TO DO: A word-for-word retyping of the listing below is required, with the pictures dropped.

----- DATA EXCERPT

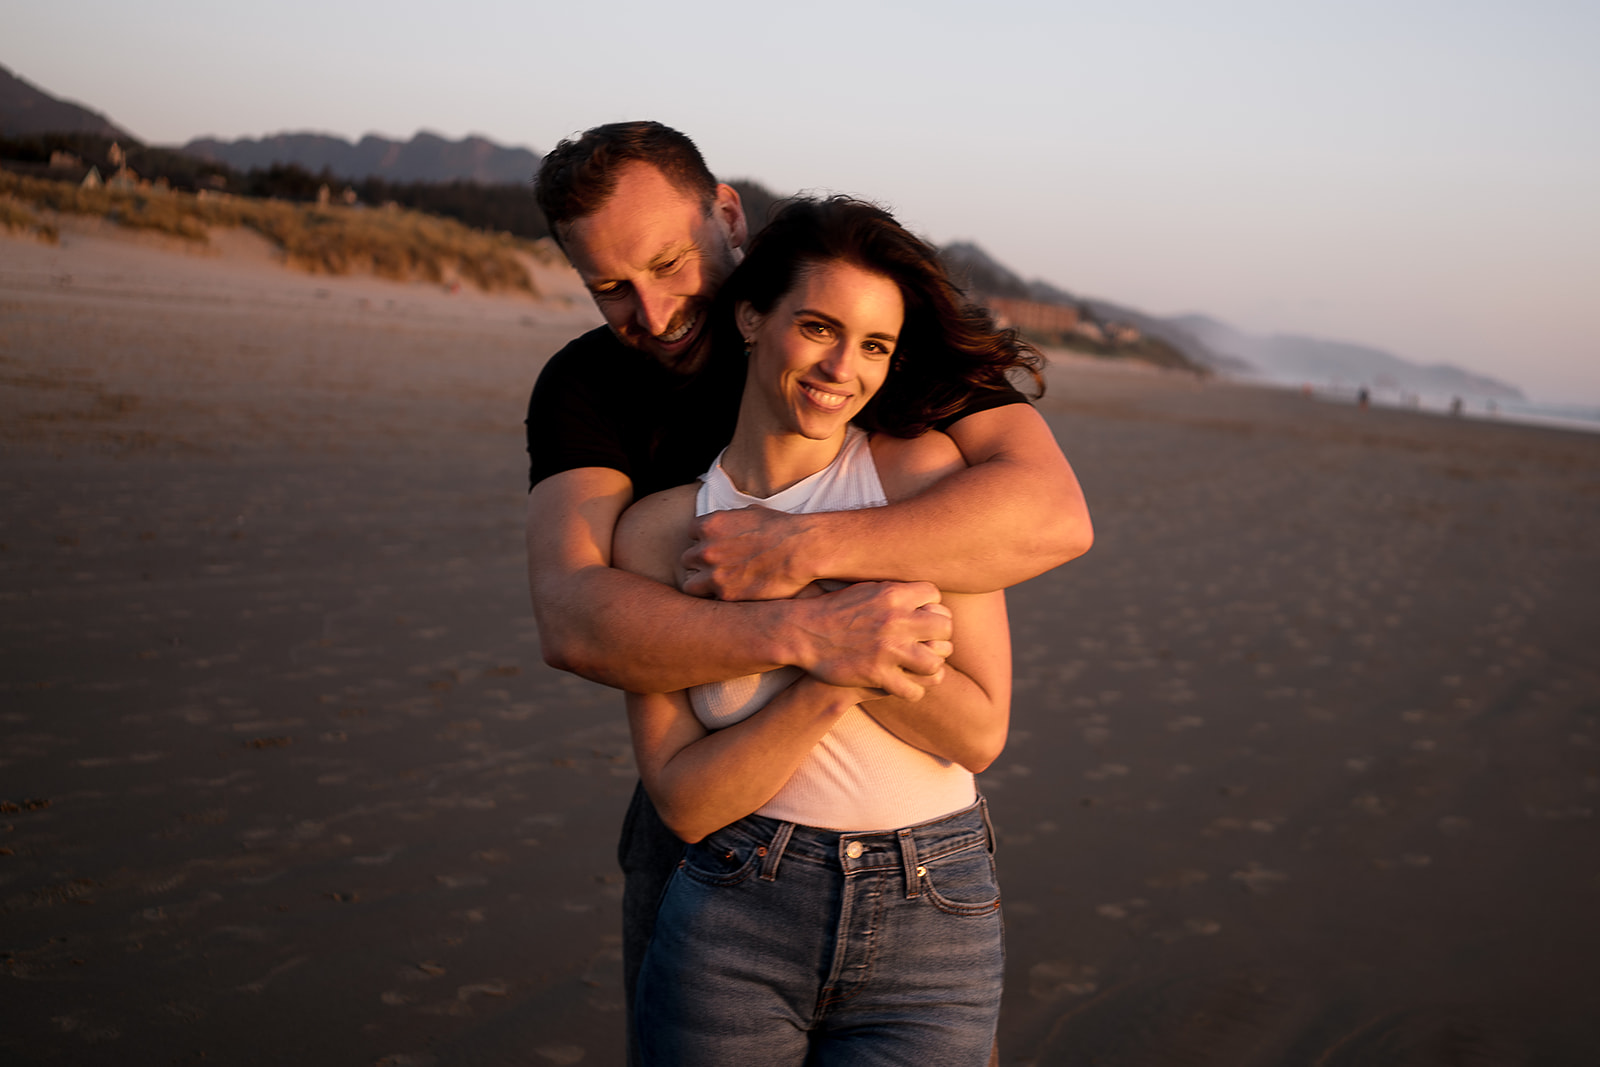 Cannon Beach Engagement session were the couple embraces with each other
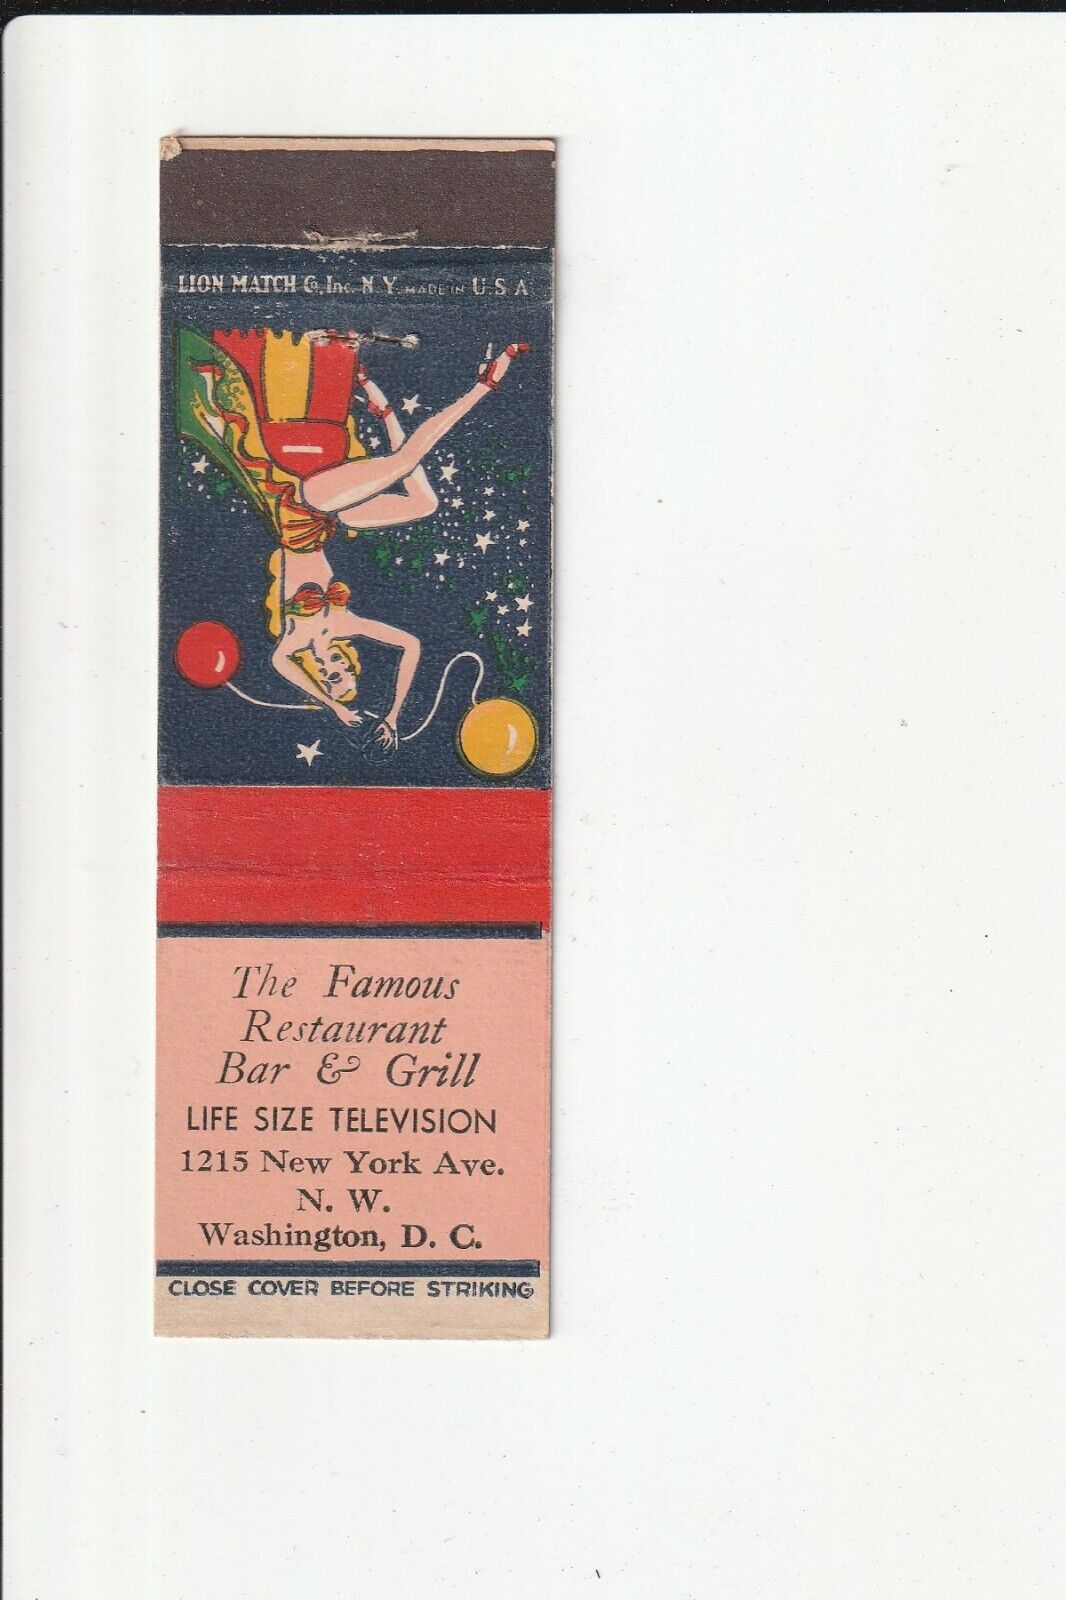 THE FAMOUS RESTAURANT BAR & GRILL 1215 NY AVE WASH. D.C. VINTAGE MATCHBOOK COVER
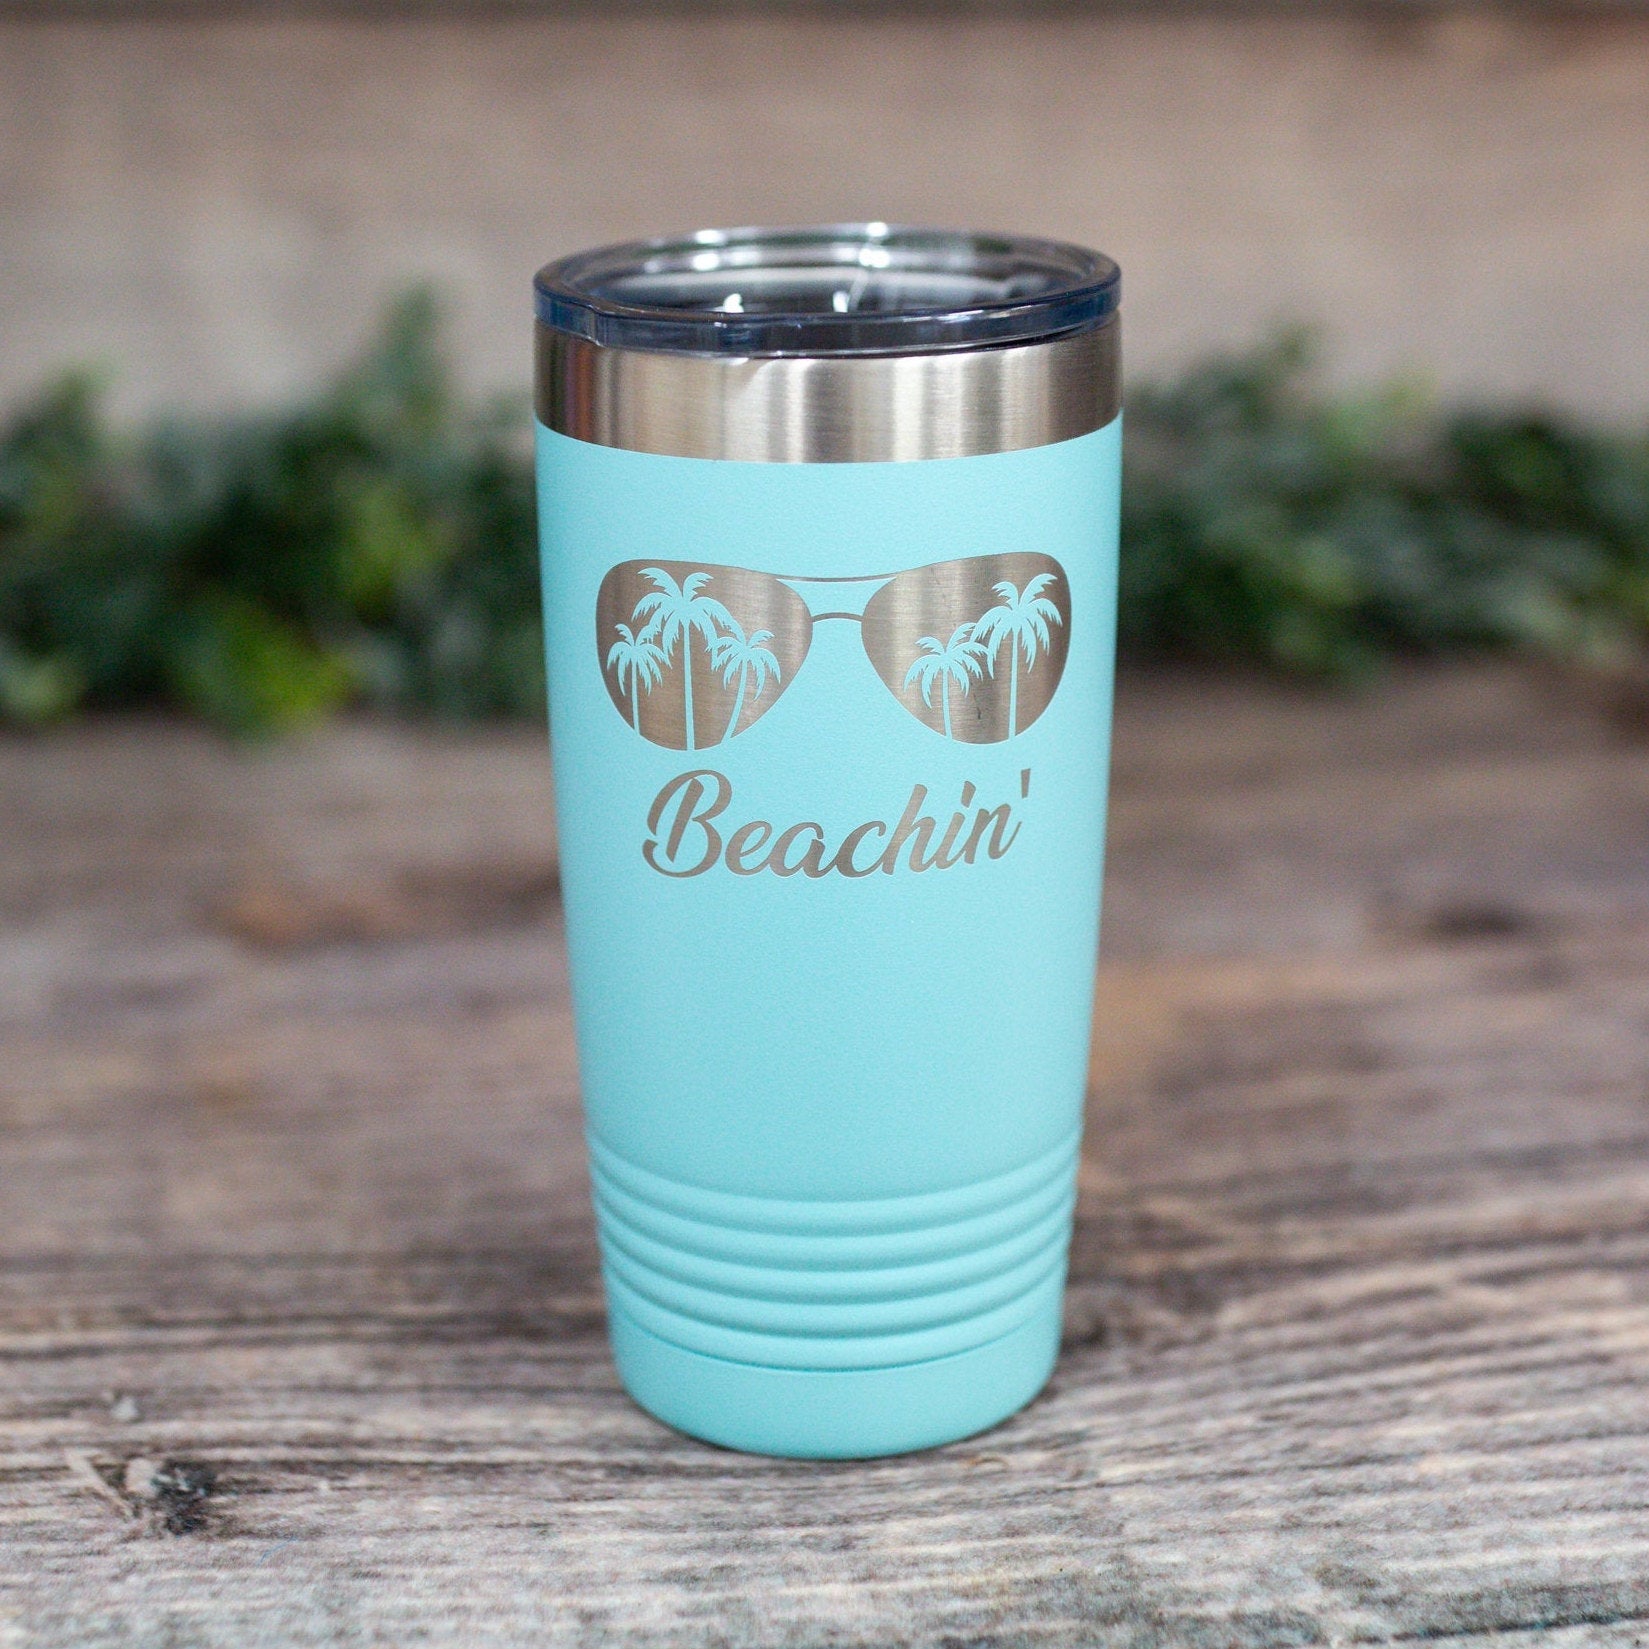 https://3cetching.com/wp-content/uploads/2021/07/beachin-engraved-vacation-tumbler-summer-vacation-tumbler-summer-gift-for-her-60f74a2f.jpg

----------

REPLY:
 Cannon Beach Engagement session were the couple embraces with each other
 THE FAMOUS RESTAURANT BAR & GRILL 1215 NY AVE WASH. D.C. VINTAGE MATCHBOOK COVER
 https://3cetching.com/wp-content/uploads/2021/07/beachin-engraved-vacation-tumbler-summer-vacation-tumbler-summer-gift-for-her-60f74a2f.jpg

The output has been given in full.